USA Voters and NCOA
USA Voters and NCOA

This is a big data project dealing with SOLR data standardization, cleansing, and indexing. We were determined to make things work with a robust search backend solution enframed in a user-friendly interface.

What Challenges We Endured

The Intsurfing team was requested to extract, transform, and load data about USA voters and individuals changing their addresses from open sources. Therefore, our big data specialists had to:

  • Process big data volumes - the project covered 4 billion records scattered across different databases like Infutor, Movers, Thrive, NCOA, and Spoke.
  • Non-standardized data - since we had to process multiple sources, data was hardly falling within a single formatting and structural standard.
  • Risk of data duplication - multiple databases we had to scrape data from could have information about the same people, so we had to make sure our solution doesn’t carry duplicates.
Here Is What We Delivered

By the end of the project, our Client was provided with a fully standardized database of American voters and individuals who changed their place of living.

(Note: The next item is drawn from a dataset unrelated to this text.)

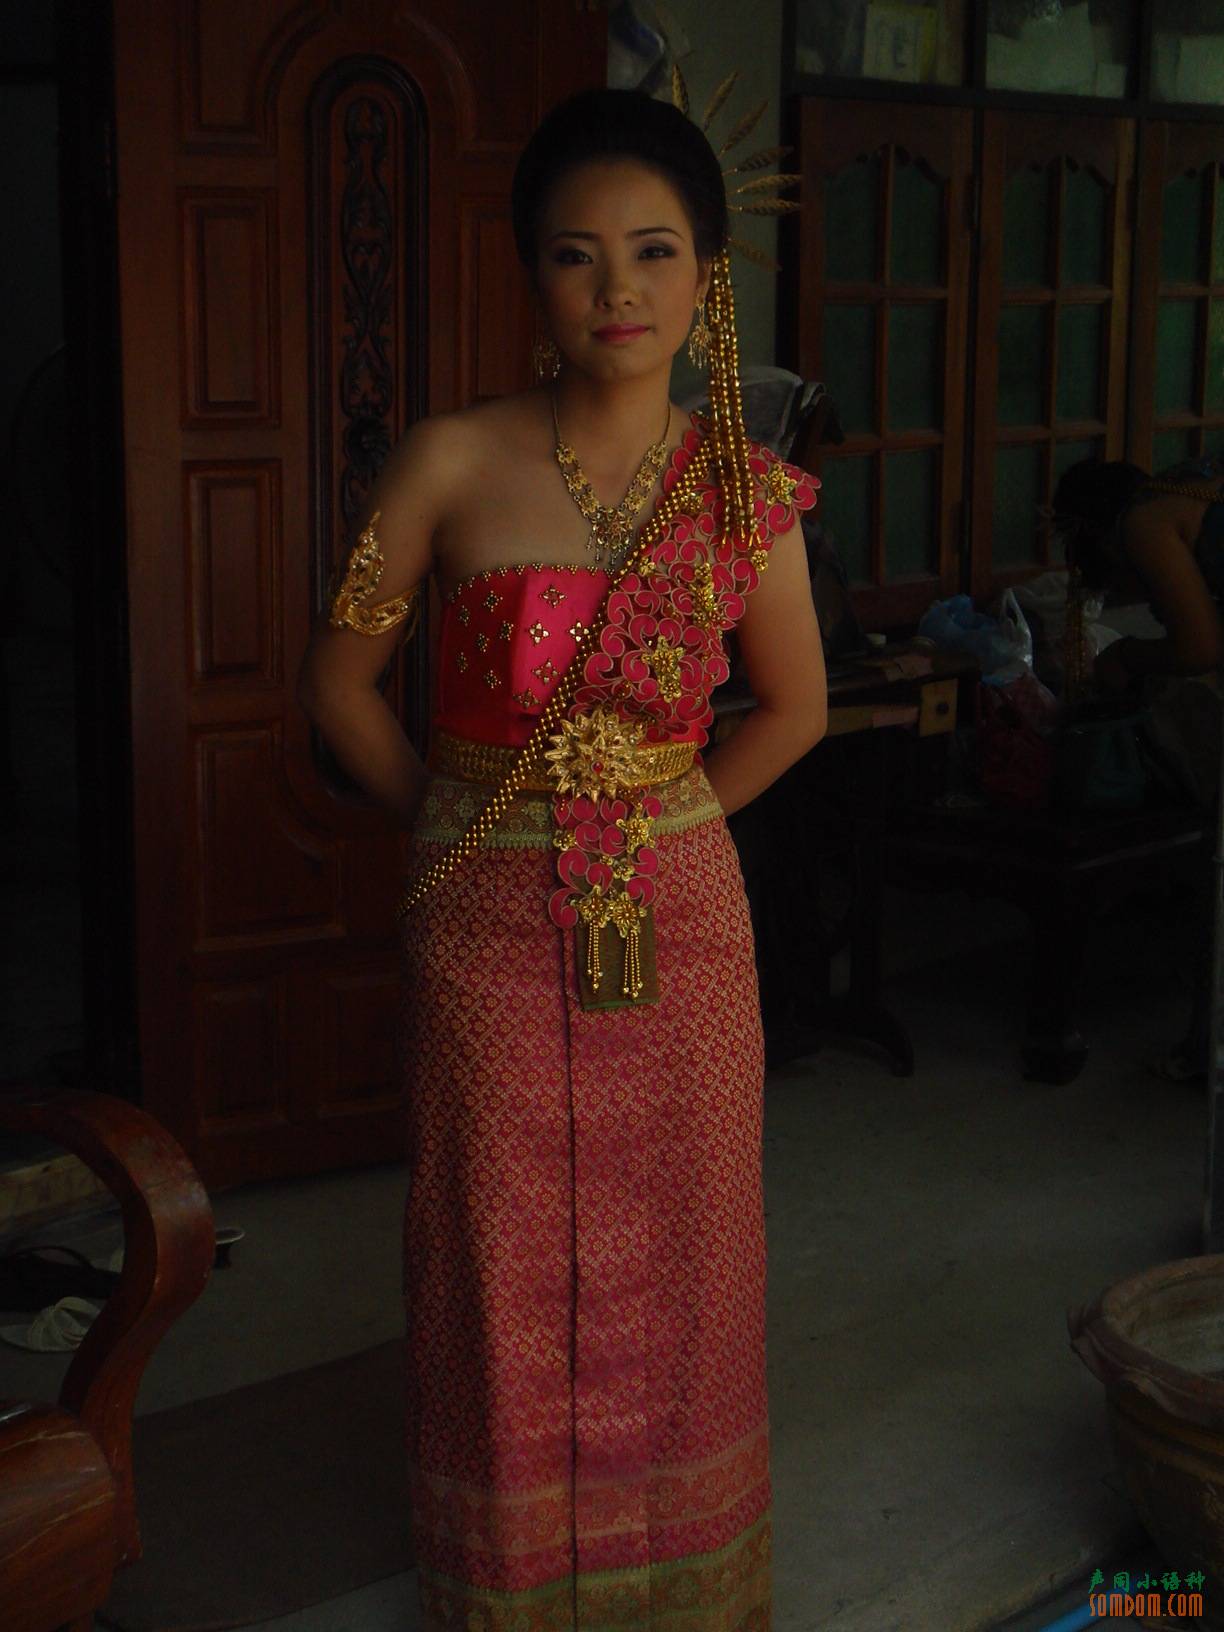 相当穿典型的泰国礼服的泰国女孩 库存图片. 图片 包括有 身分, 聚会所, 摆在, 人力, 纵向, 魅力 - 47494325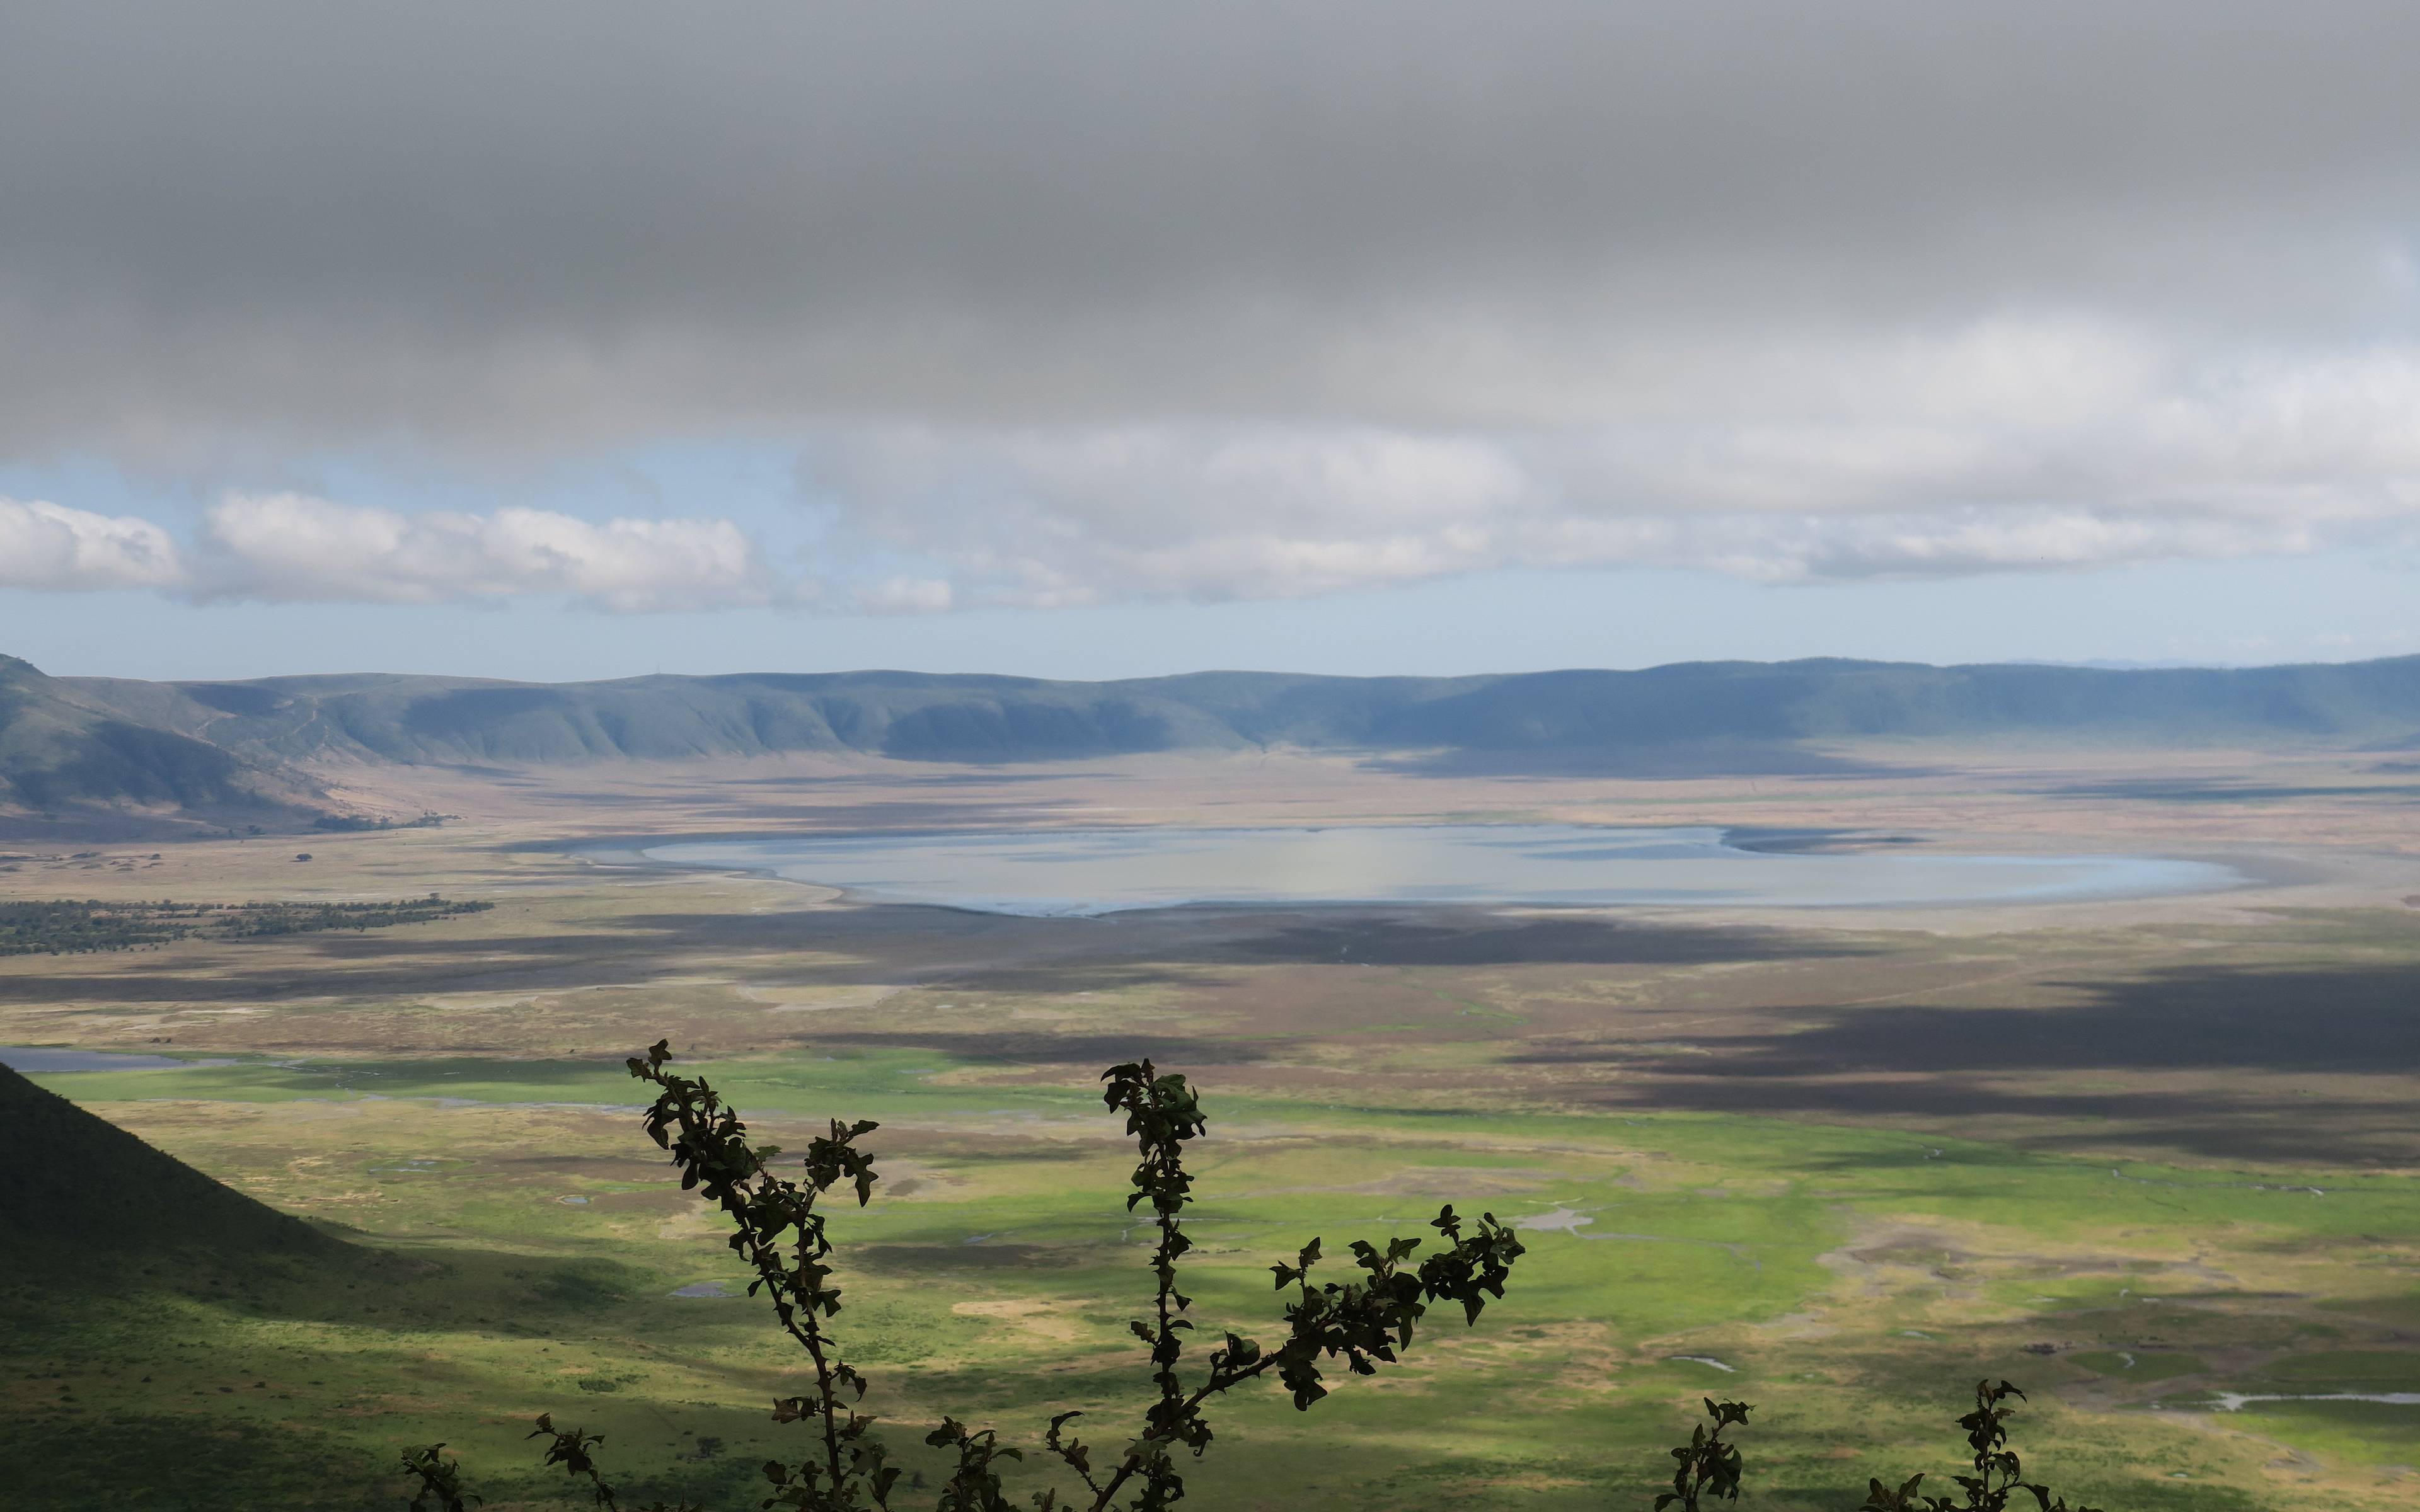 Daal af naar de kratervloer van de Ngorongoro

  • The assembled database included 4 billion records.
  • Data has been standardized, including names and addresses.
  • We cleaned duplicated and redundant information to ensure data is clear and easy to use.
  • Our team uploaded the records to the database, offering a user-friendly interface for effortless data manipulation.
Tech Stack
  • .NET 4.5
  • WPF
  • WCF
  • SQL Server 2012
  • Amazon AWS
  • Hadoop
  • SOLR